We derive upper bounds on the Wasserstein distance (W1), with respect to sup-norm, between any continuous Rd valued random field indexed by the n-sphere and the Gaussian, based on Stein's method. We develop a novel Gaussian smoothing technique that allows us to transfer a bound in a smoother metric to the W1 distance. The smoothing is based on covariance functions constructed using powers of Laplacian operators, designed so that the associated Gaussian process has a tractable Cameron-Martin or Reproducing Kernel Hilbert Space. This feature enables us to move beyond one dimensional interval-based index sets that were previously considered in the literature. Specializing our general result, we obtain the first bounds on the Gaussian random field approximation of wide random neural networks of any depth and Lipschitz activation functions at the random field level. Our bounds are explicitly expressed in terms of the widths of the network and moments of the random weights. We also obtain tighter bounds when the activation function has three bounded derivatives.

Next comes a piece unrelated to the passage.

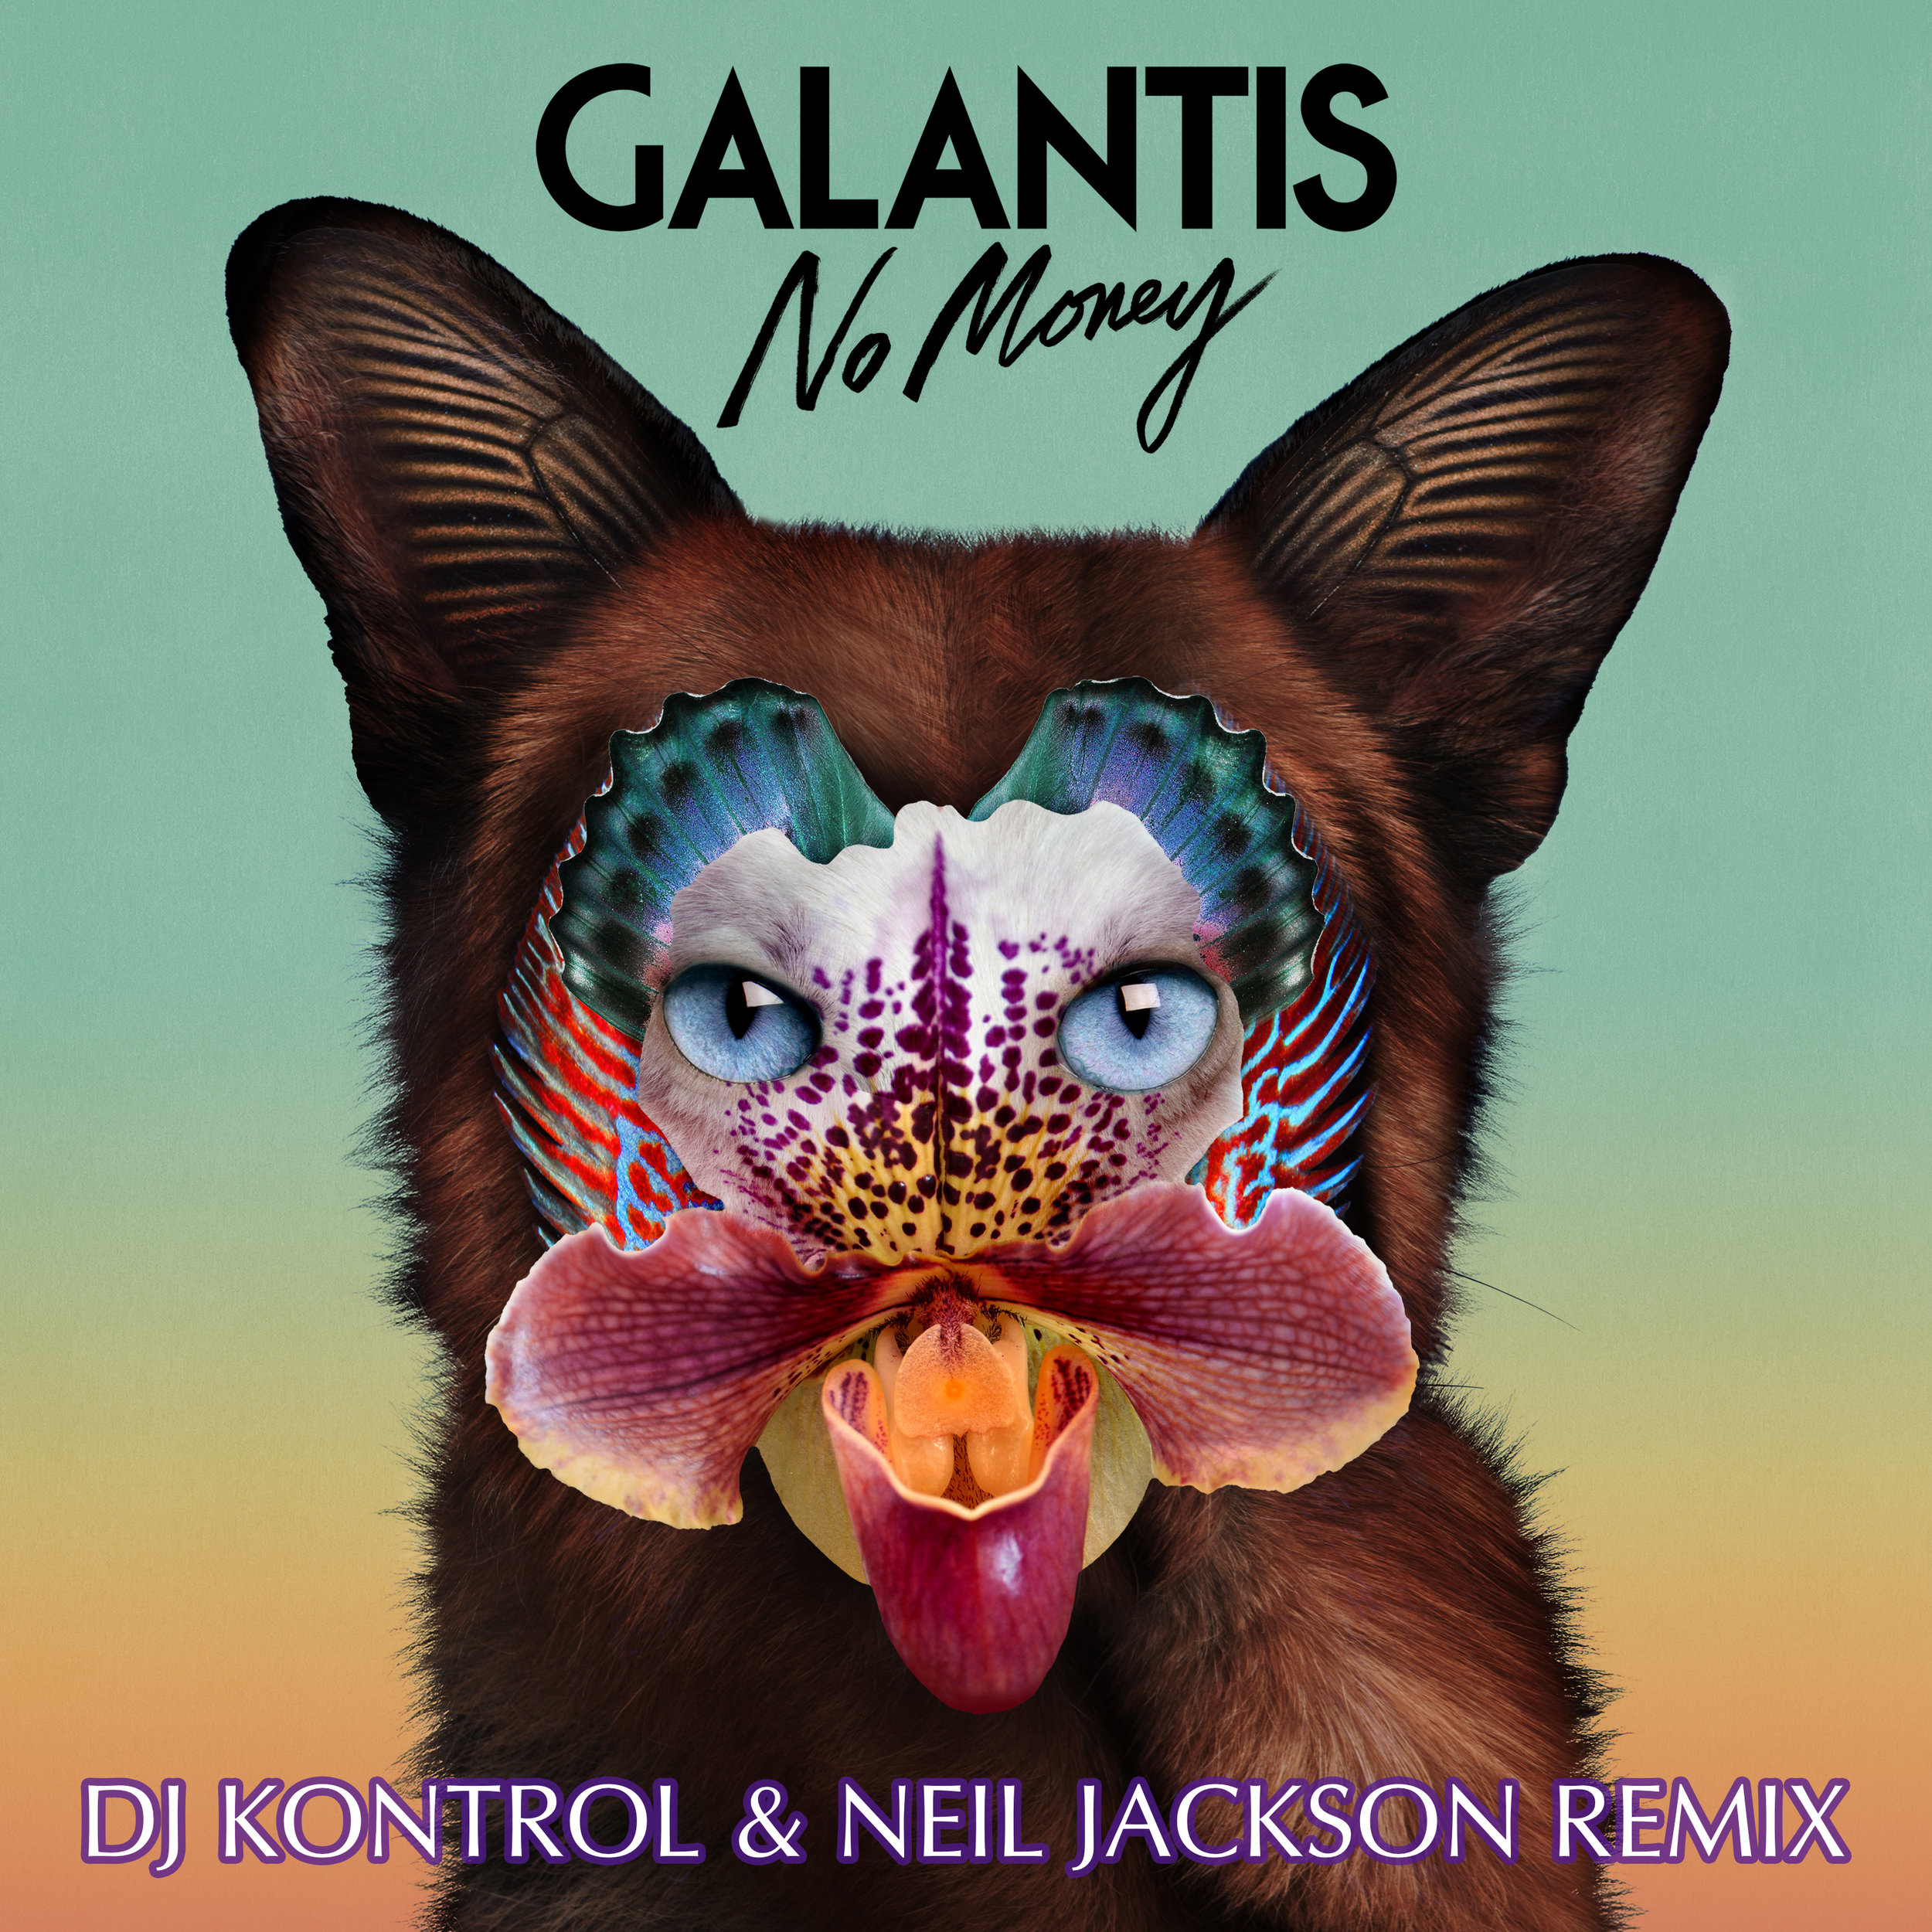 Galantis - No Money (DJ Kontrol & Neil Jackson Remix)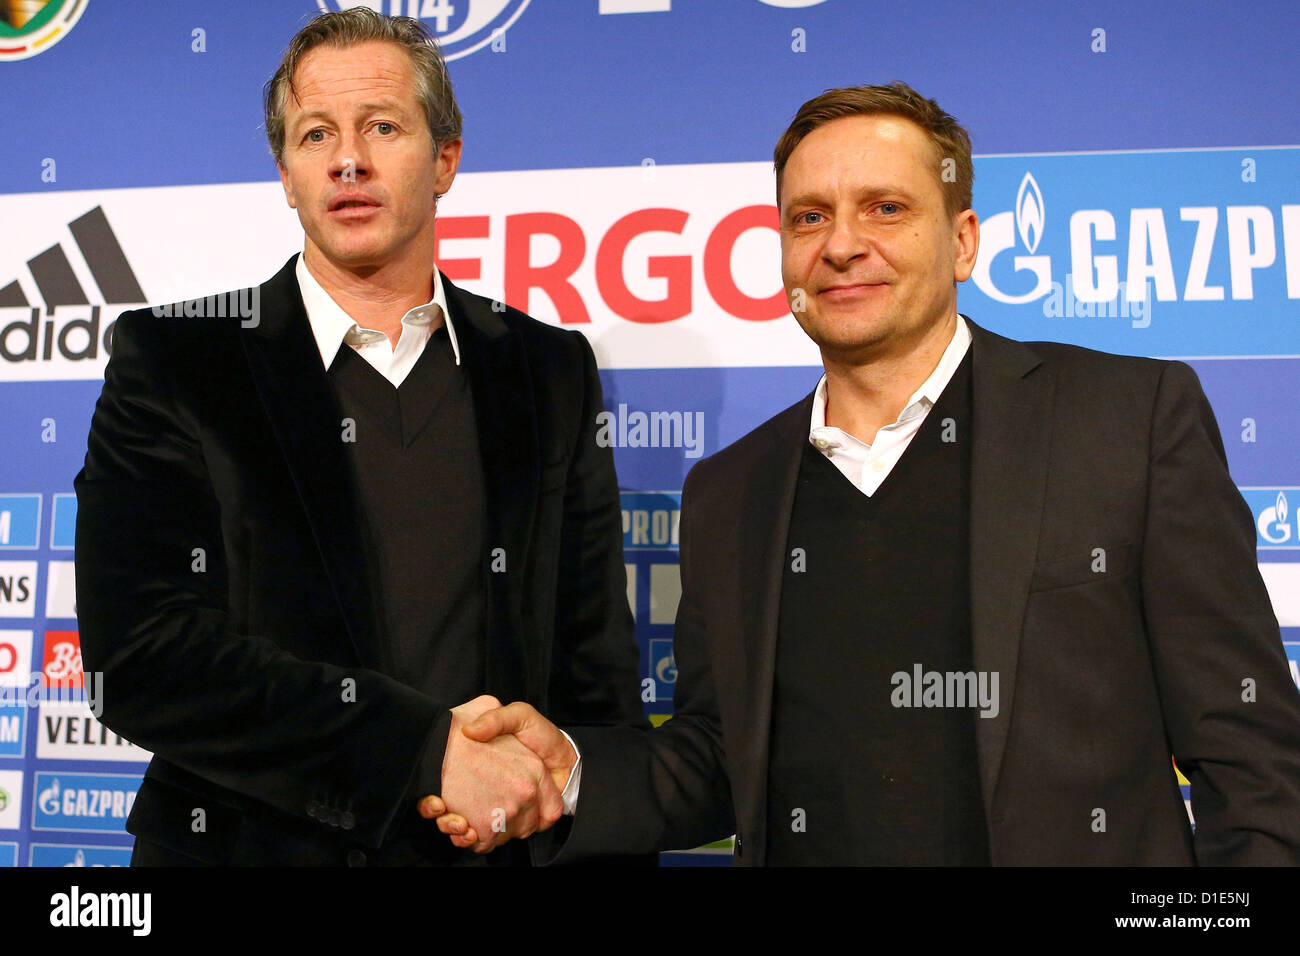 Direttore sportivo Horst Heldt da FC Schalke 04 presenta il nuovo allenatore Jens Keller nel corso di una conferenza stampa a Gelsenkirchen, Germania, 16 dicembre 2012. Foto: Kevin Kurek Foto Stock

我们基于斯坦因方法,推导出以 n 球为索引的任何连续 Rd 值随机场与高斯之间的瓦瑟斯坦距离(W1)的上界。我们开发了一种新颖的高斯平滑技术,可以将平滑度量中的约束转移到 W1 距离上。这种平滑技术基于使用拉普拉斯算子幂构造的协方差函数,其设计使相关的高斯过程具有可处理的卡梅隆-马丁或再现核希尔伯特空间。这一特点使我们超越了以往文献中考虑的基于一维区间的索引集。根据我们的一般结果,我们首次获得了在随机场水平上对任意深度和 Lipschitz 激活函数的宽随机神经网络的高斯随机场近似的约束。我们的边界用网络宽度和随机权重矩明确表示。当激活函数有三个有界导数时,我们还得到了更严格的约束。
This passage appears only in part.